On December 27 th, we published a notice of funds availability in the Federal Register inviting applications for First Accounts grants. The amount available is approximately $8 million to fund projects that can serve as models to connect unbanked low- and moderate-income individuals to mainstream financial services. A wide variety of entities are eligible to apply for the grants, including credit unions. I encourage you to visit our web site and consider this opportunity (www.treas.gov/firstaccounts/).
Looking beyond the problem of financial literacy, many otherwise educated, even highly educated, Americans are not conscious of the basic financial concepts that are familiar, even second nature, to everyone in this room. I would submit that part of the difficulty this group may have in managing their financial affairs is a basic shortcoming in their understanding not just of finance and economics, but of probability and statistics.
For most household financial decisions, the data needed for decision-making are available. Indeed, in today's digital age, some might say we are swimming, or even drowning in financial data. Yet what good is the data without the understanding of how to use it to make informed decisions? As we seek to improve our country's financial education, we should consider the importance of teaching our children probability and statistics. Armed with this knowledge, they will be far better prepared to manage their financial affairs and chart a course for their own financial security.
To deal with financial decision-making in the computer age, the Internet age, we all need to develop our understanding not of computers but of statistics and probability. To keep up with the changing world of finance, we all have to be able to know what to do with the financial data at our disposal.

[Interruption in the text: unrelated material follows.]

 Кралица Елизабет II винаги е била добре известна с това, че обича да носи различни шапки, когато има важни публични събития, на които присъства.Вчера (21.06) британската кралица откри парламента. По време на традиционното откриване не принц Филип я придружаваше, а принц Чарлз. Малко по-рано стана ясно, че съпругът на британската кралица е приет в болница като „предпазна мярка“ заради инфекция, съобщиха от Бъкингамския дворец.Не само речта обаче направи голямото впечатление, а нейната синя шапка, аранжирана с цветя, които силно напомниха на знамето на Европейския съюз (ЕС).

Before we sell ourselves and the American people short, we do need to recognize that millions of Americans have demonstrated in practice a financial understanding that many may not be able to articulate. Put simply, many Americans have shown in their financial behavior an intuitive understanding of basic financial concepts even if they would not be able to articulate the rationale for their financial decision-making the way a professor of finance -- or a credit union executive - might. Consider:
The active mortgage refinance market today shows that millions of homeowners functionally understand the prepayment option in their mortgage. The development of numerous mortgage products reflects an ability of households to select among a diverse array of mortgage payment structures. In short, the way in which millions of Americans use the mortgage credit options available to manage their personal cash flows and balance sheets reflects an understanding of rather complex financial principles.

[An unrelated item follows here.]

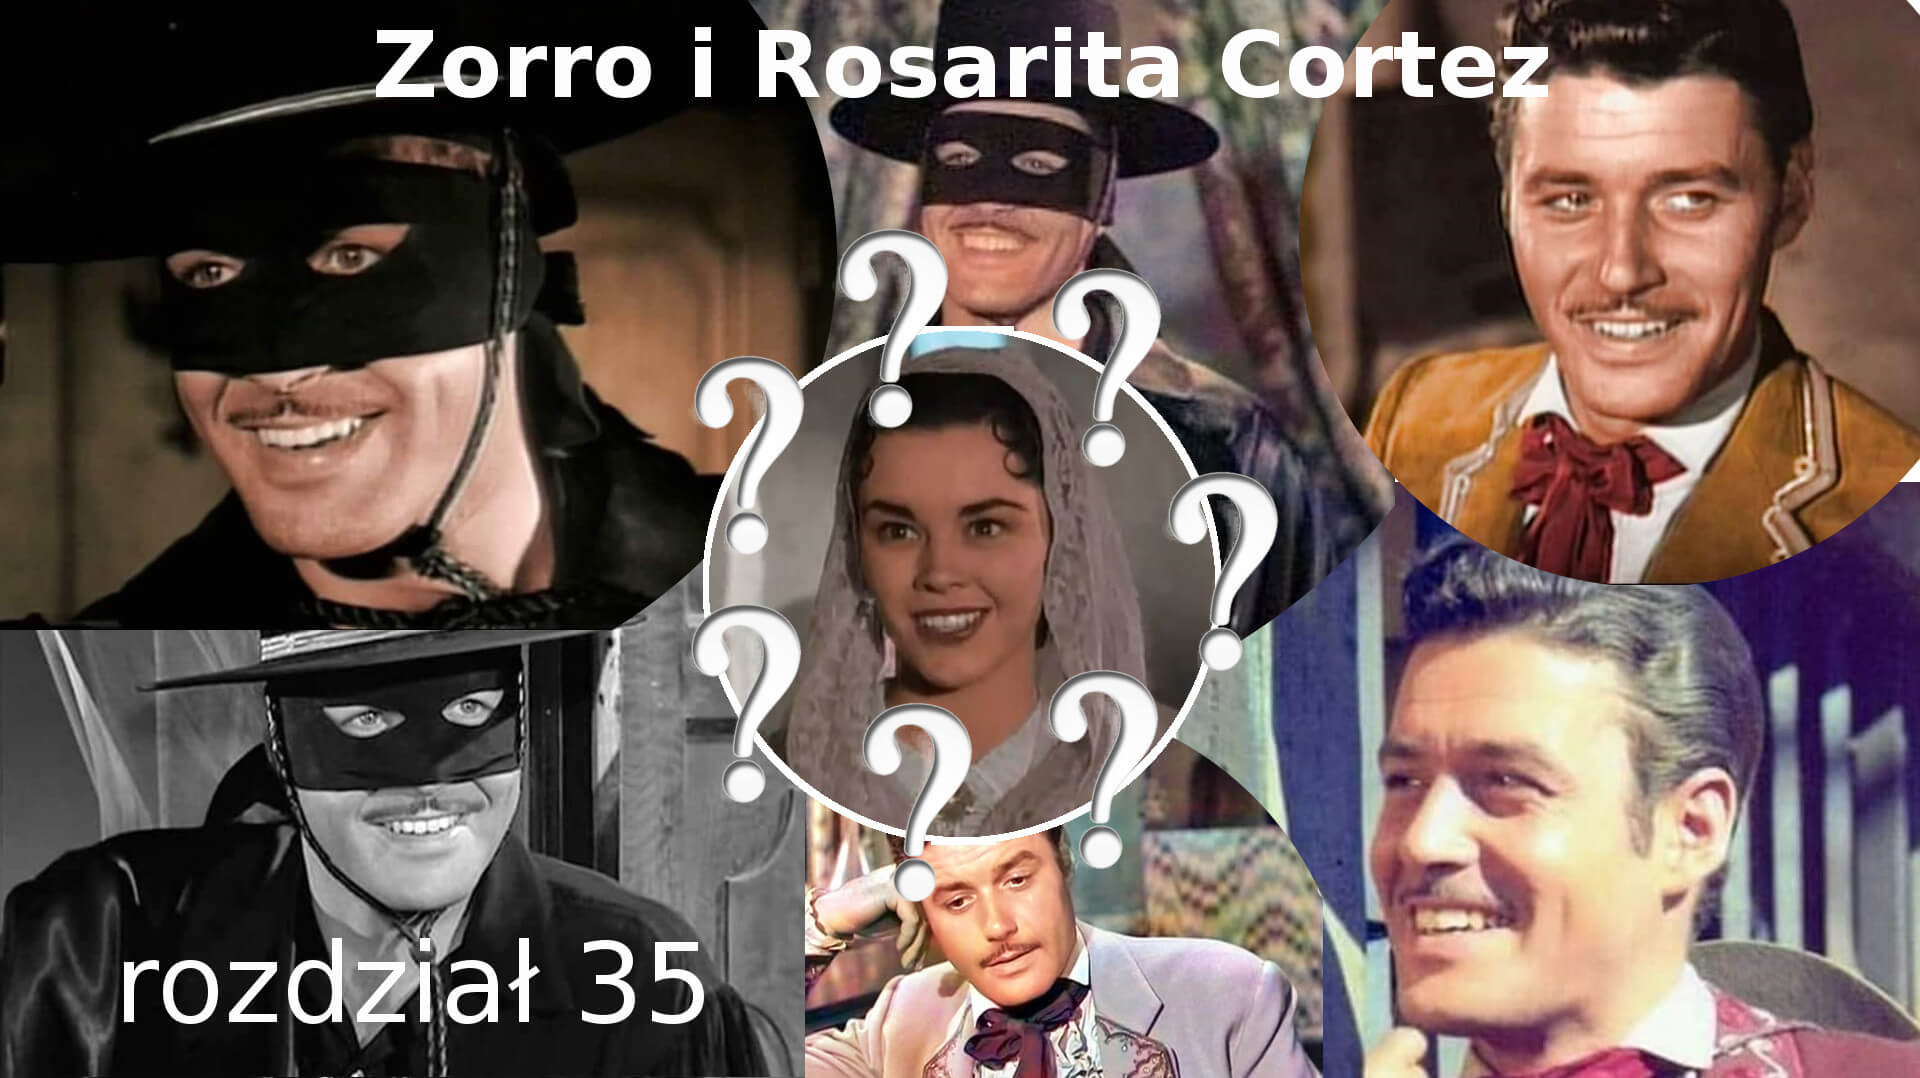 Zorro i Rosarita Cortez rozdział 35 Walt Disney Zorro fanfiction

Automobile purchase arrangements offer another example. Decisions to buy or lease, and to think about auto purchases in terms of personal cash flows rather than just price and color, reflect an essential principle of finance. Thirty or forty years ago this kind of financial analysis, thinking in terms of prospective cash flows rather than asset prices or purchase prices, was something for CFOs, not for the mass market of auto purchasers. Yet today it is there at the end of all the auto ads on TV - comparing lease payments with APR.
We need your help not only with First Accounts but also to make sure that we in this town don't underestimate the ability of the American people to make financial decisions for themselves. Limiting people's choices is no way to enhance and further their financial understanding.
In closing, I thank you for this opportunity to talk with you and wish you continued success.